### DATASET EXCERPT

= = = = = = =

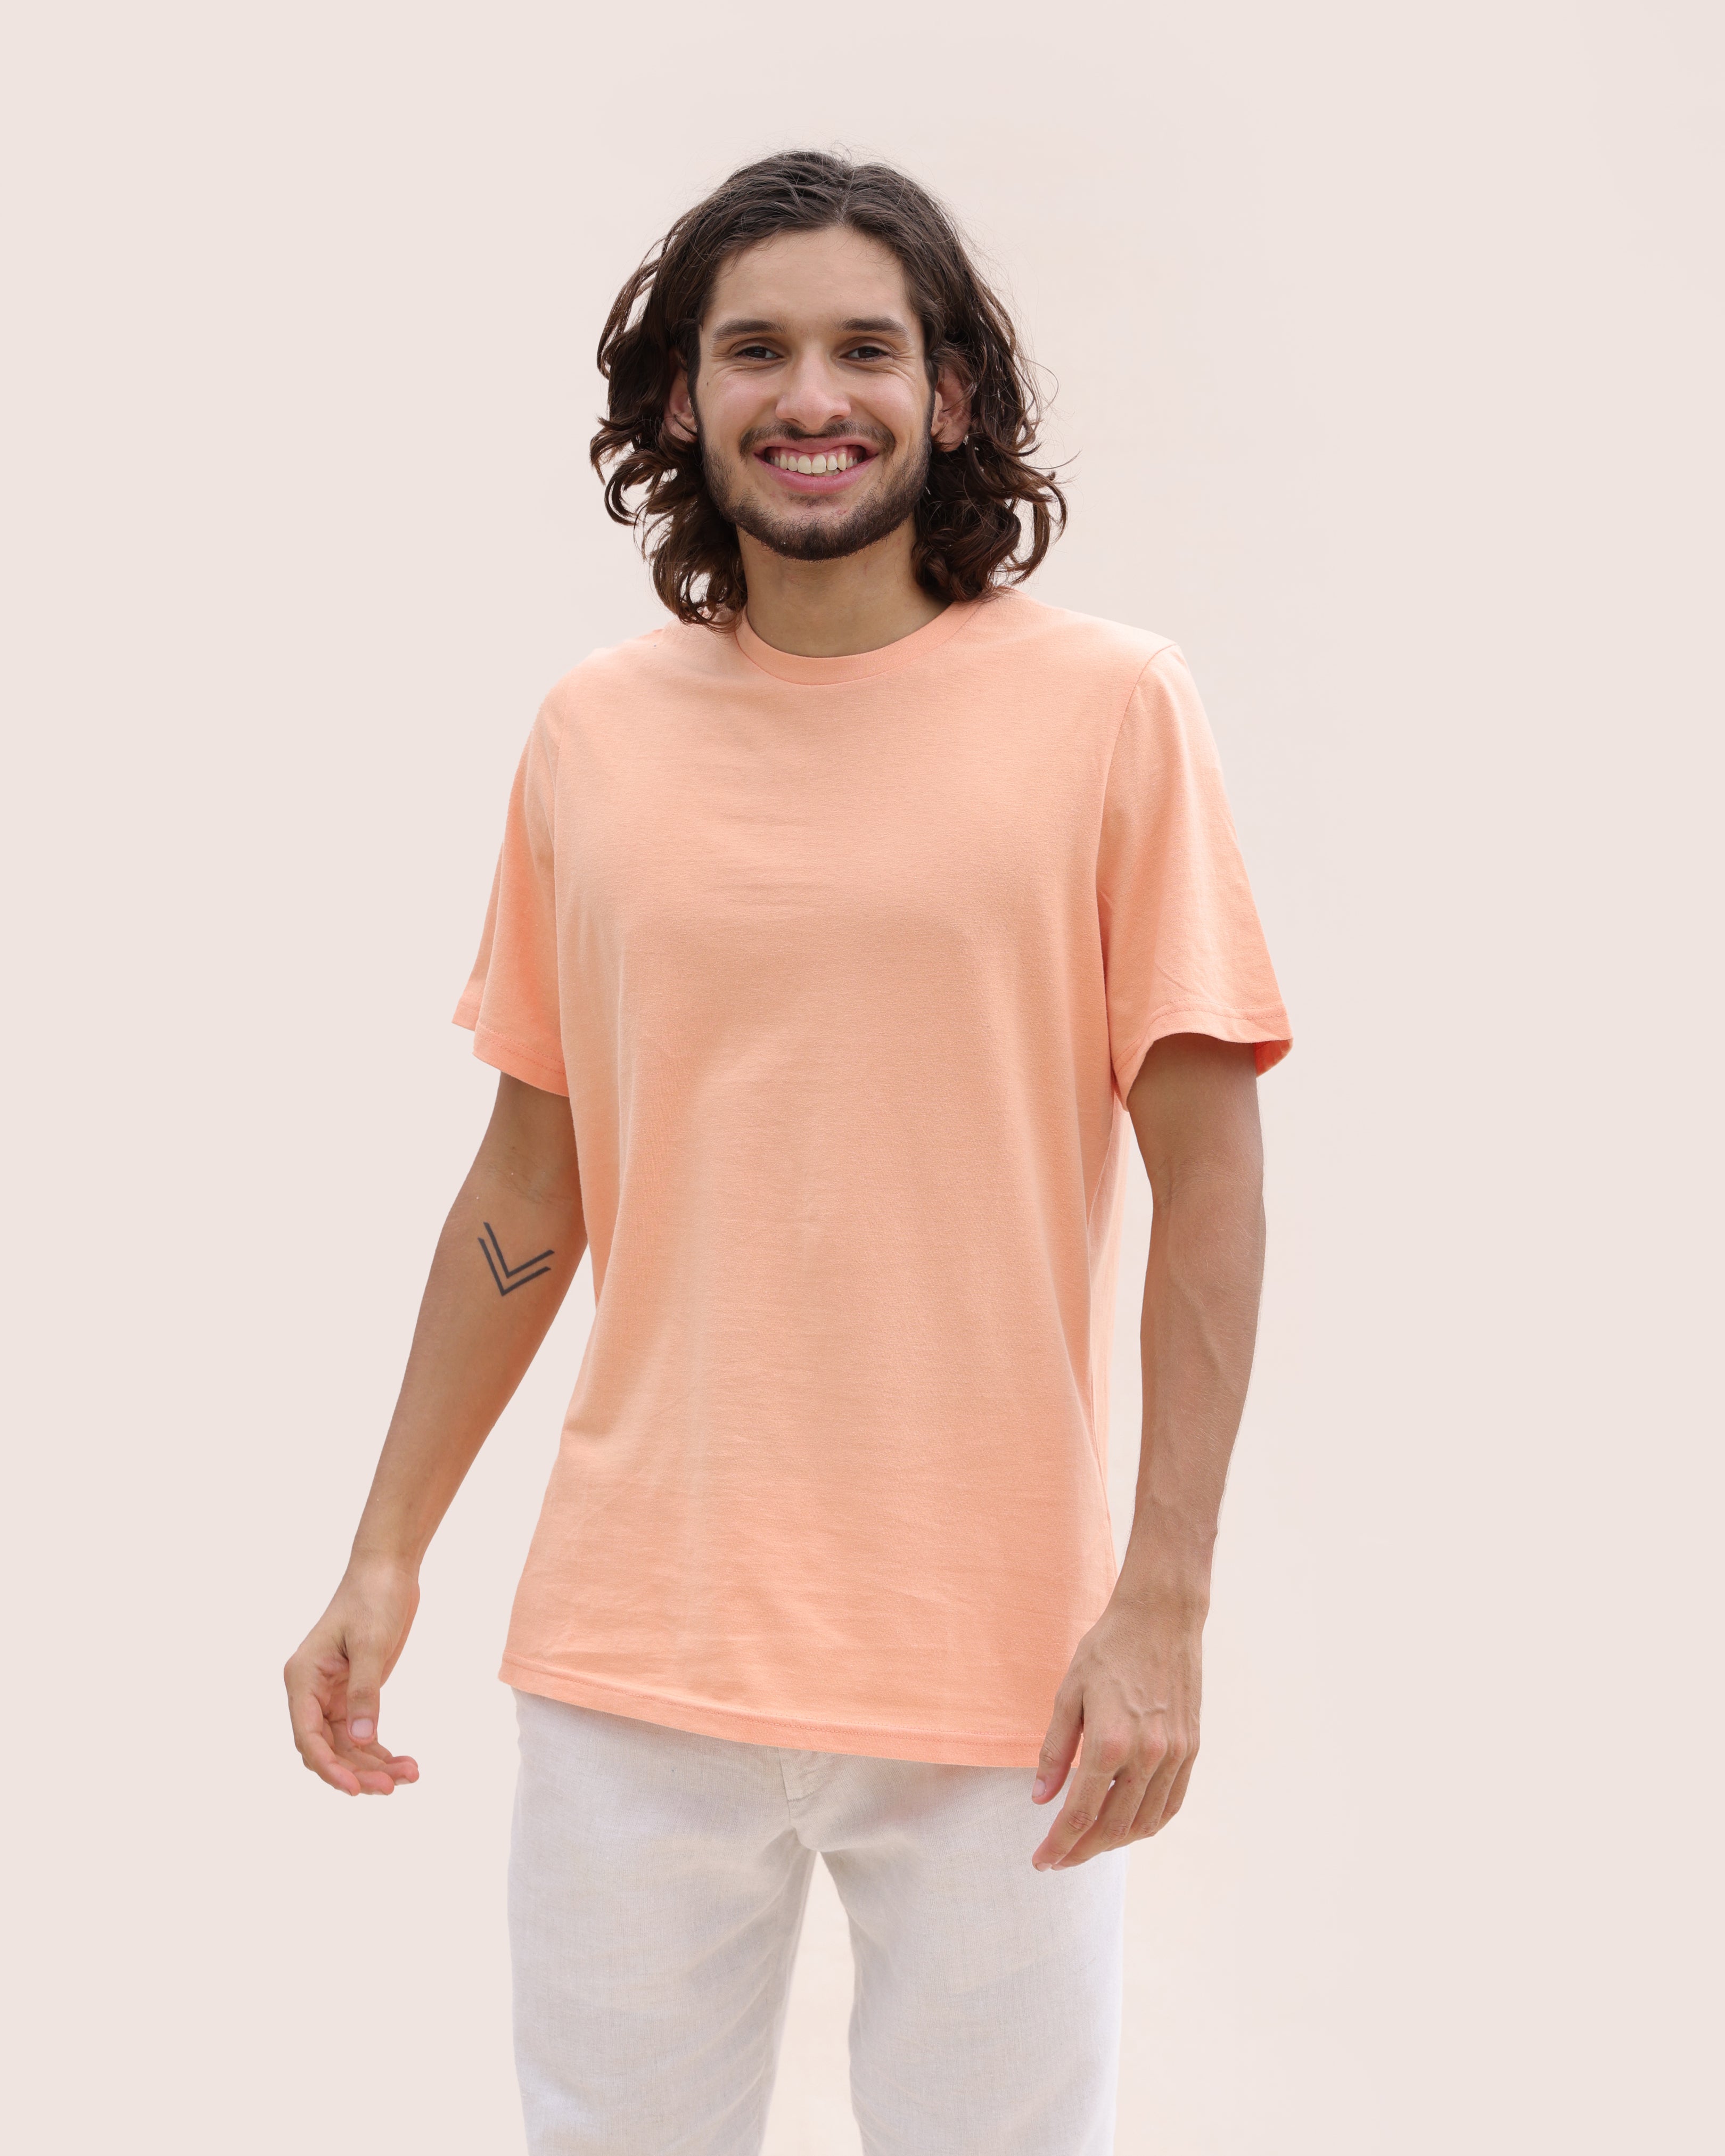 Peach Fuzz T-shirt - Orange
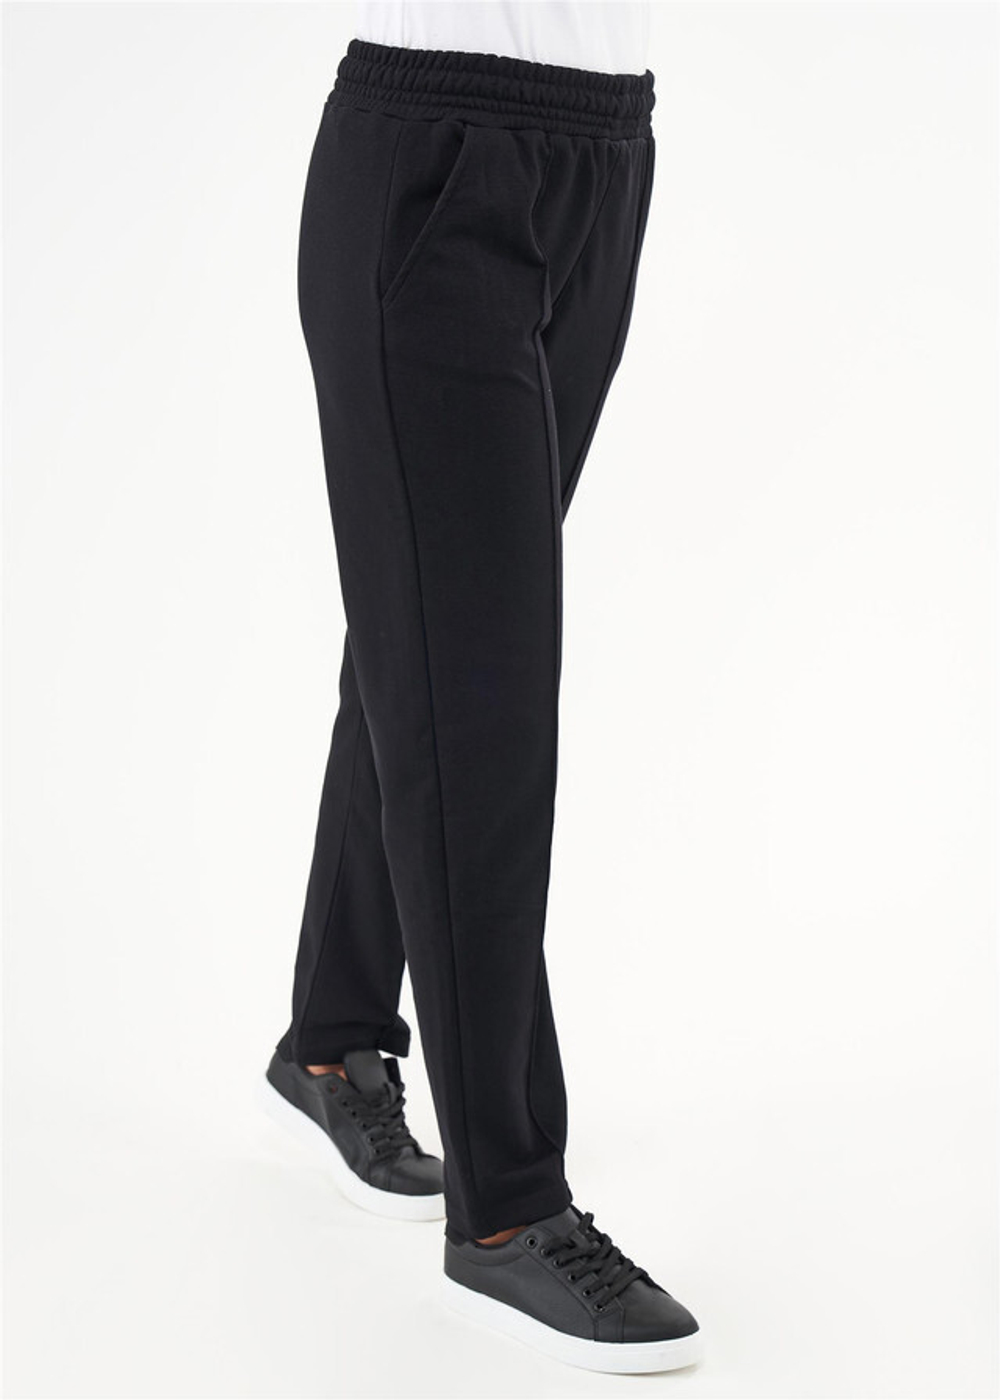 RELAX MODE / Спортивные штаны женские брюки женские спортивные трикотаж - 40074
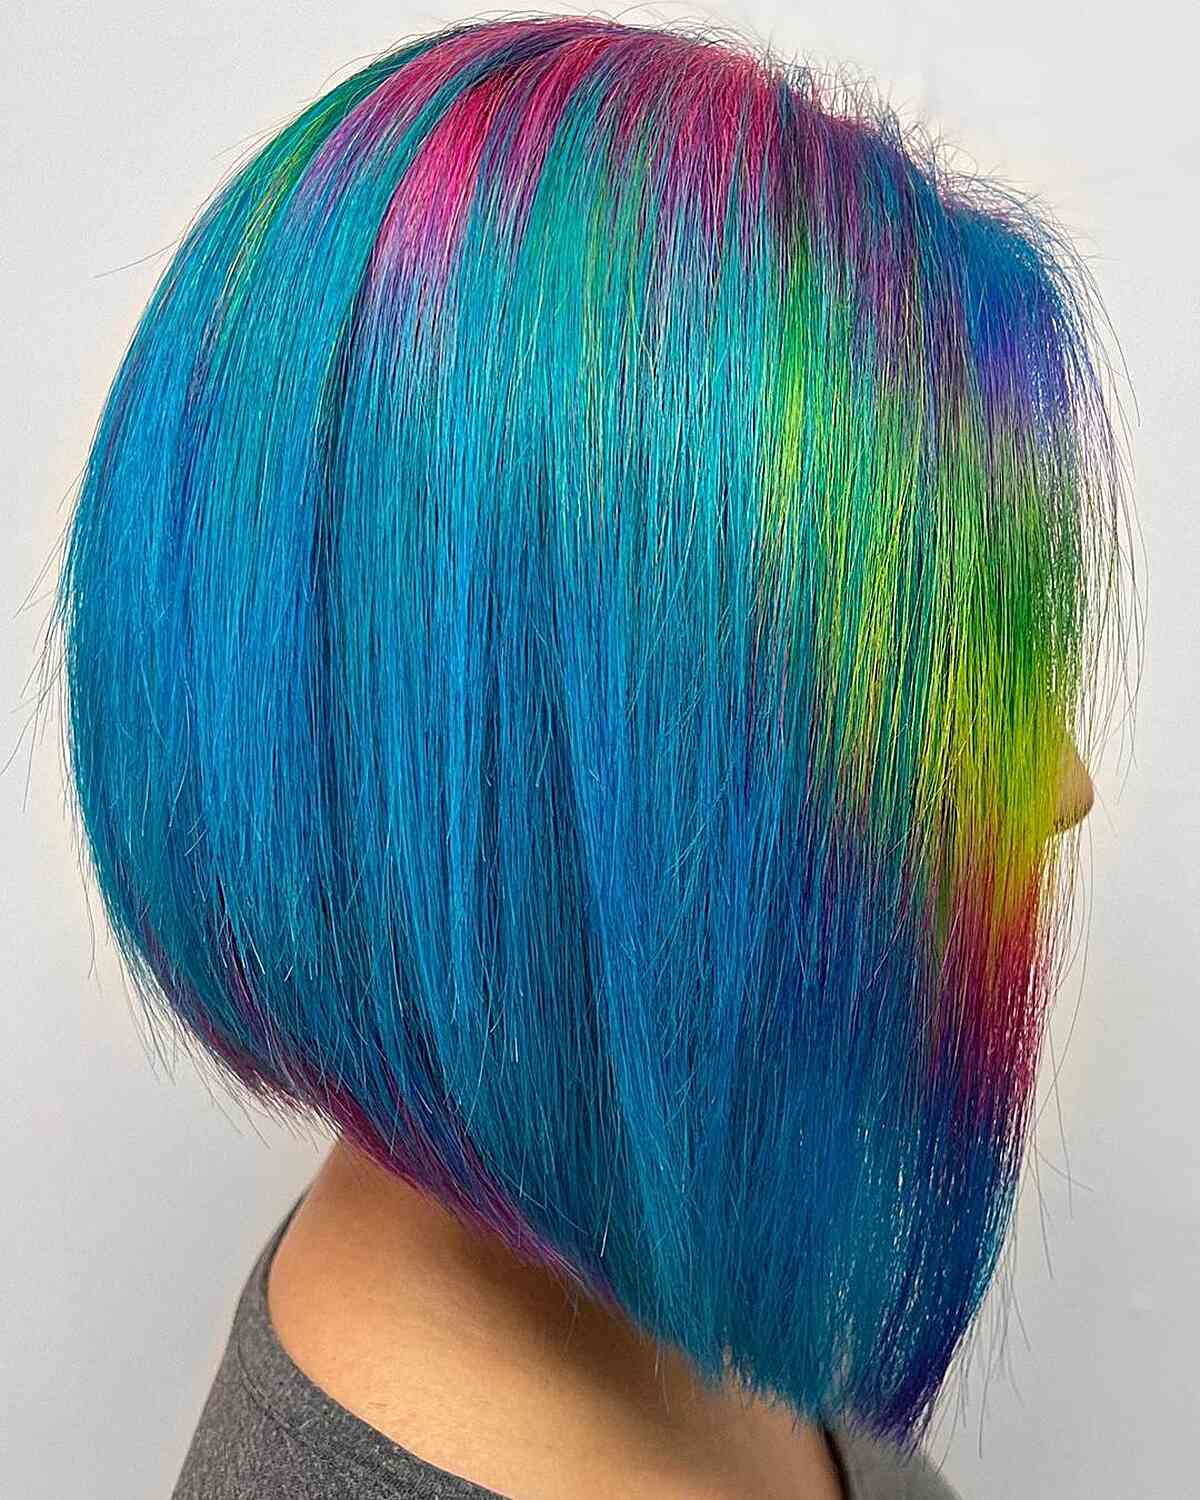 Inverted Straight Bob with Vivid Rainbow Colors

= = = = = = =

### EXERCISE REQUIREMENTS
Output the material above exactly, without pictures.

### RESPONSE
 Peach Fuzz T-shirt - Orange
 RELAX MODE / Спортивные штаны женские брюки женские спортивные трикотаж - 40074
 Inverted Straight Bob with Vivid Rainbow Colors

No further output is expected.